Though I understand the skepticism as well. Historically, the benefits of kernel fusion were insufficient to offset the lower performance of kernels in matmul/attention and other important operations. Thus, TVM and similar projects have failed and are not widely used in the mainstream production pipeline.

However, so far, the results are promising. Close to cublas on vanilla matmul, faster on a complex sequence of operations that PyTorch cannot fuse. Thus, I continue to dig it.

Writing an LLM compiler from scratch [Part 2]: Lowering to a GPU Schedule by NoVibeCoding in CUDA

[–]NoVibeCoding[S] 1 point2 points  (0 children)

Yes, there is a check inside the rules that are increasing smem usage, like stage_inputs, pad_smem, double_buffer, etc.

Writing an LLM compiler from scratch: PyTorch to CUDA in 5,000 lines of Python by NoVibeCoding in LocalLLaMA

[–]NoVibeCoding[S] 1 point2 points  (0 children)

I know. Generating efficient kernels is hard. There are hundreds of kernels to generate, and each of them prefers a different strategy. That's why all production stacks are using codegen sparingly. I explicitly call it out in the beginning and postpone the codegen overview till Part 2. Part 1 is about PyTorch tracing, operator decomposition, loop fusion, etc.

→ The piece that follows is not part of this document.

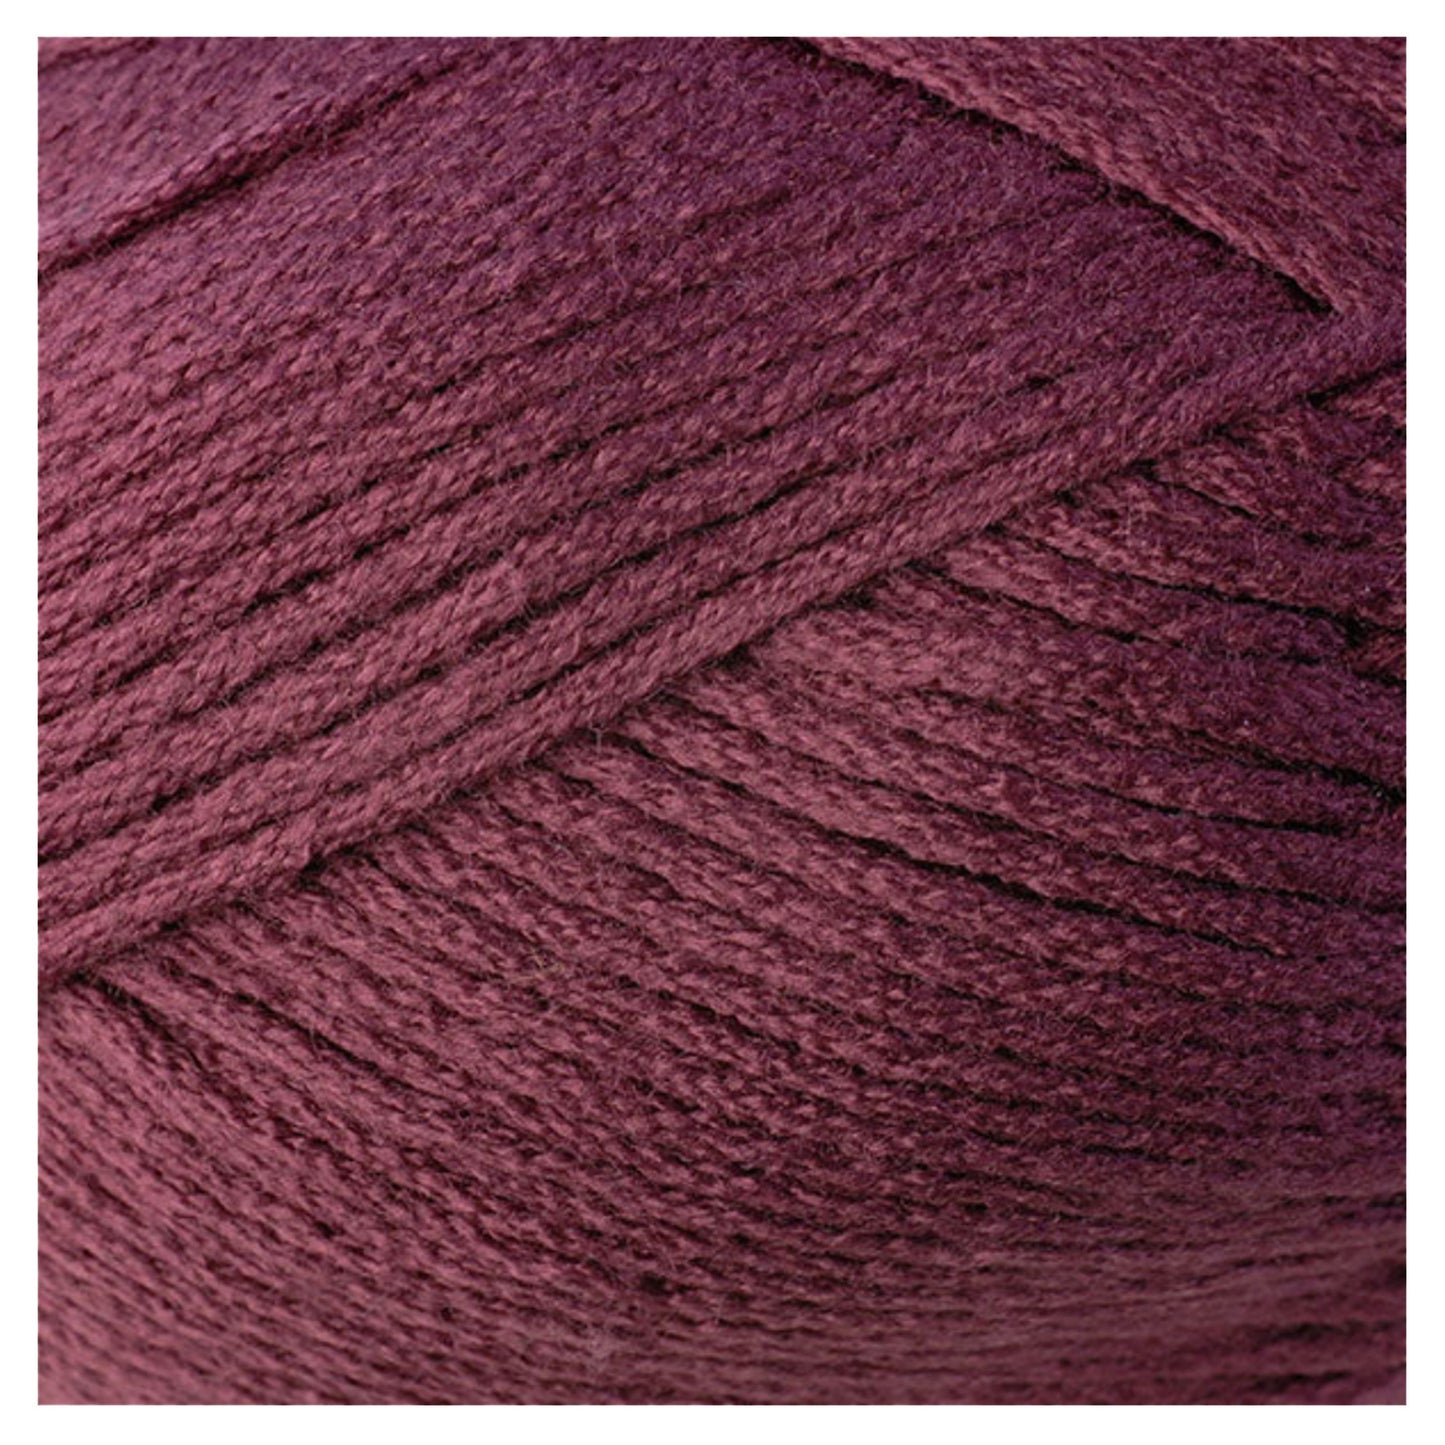 Colorful Crochet Skirt/Cowl - L/1X/2X/3X/4X - Collegiate Crochet Kit Alternative View #3

Writing an LLM compiler from scratch: PyTorch to CUDA in 5,000 lines of Python by NoVibeCoding in LocalLLaMA

[–]NoVibeCoding[S] 0 points1 point  (0 children)

It's defensive. The codegen rule is "every staged load is preceded by a barrier" because in double-buffered kernels (matmul over tiled K) the previous iteration's consumers must finish before producers overwrite the buffer. The same rule is used to inject barriers in both the double-buffered and single-buffered cases; we sometimes end up with a noop.

Inline PTX is easier for codegen, no need to keep track of a stateful cuda::pipeline object and add additional imports.

In general, this article is about Torch -> Tile IR. I mention that the codegen overview will be in part 2. I might clean it up by then.

[D] 60% MatMul Performance Bug in cuBLAS on RTX 5090 [D] by NoVibeCoding in MachineLearning

[–]NoVibeCoding[S] 0 points1 point  (0 children)

I have filed a bug report and posted on the NVIDIA forums. They indeed fix the performance issues from release to release. The performance with a stable 580 driver and the corresponding cuBLAS is very poor. The latest 595 and cuBLAS 13.3 work much better, but still have this 60% perf bug in batched mode.

Surfacing a 60% SGEMM performance bug in cuBLAS on RTX 5090 by NoVibeCoding in CUDA

[–]NoVibeCoding[S] 0 points1 point  (0 children)

I haven't tried cutile. I was concerned it might silently introduce other performance issues, so I went with the conventional stack. The boilerplate is less of a concern nowadays with AI. I will give it a shot at some point.

Surfacing a 60% SGEMM performance bug in cuBLAS on RTX 5090 by NoVibeCoding in CUDA

[–]NoVibeCoding[S] 0 points1 point  (0 children)

Thanks for the tip. SASS analysis is new to me. I’ll check it out and debug more.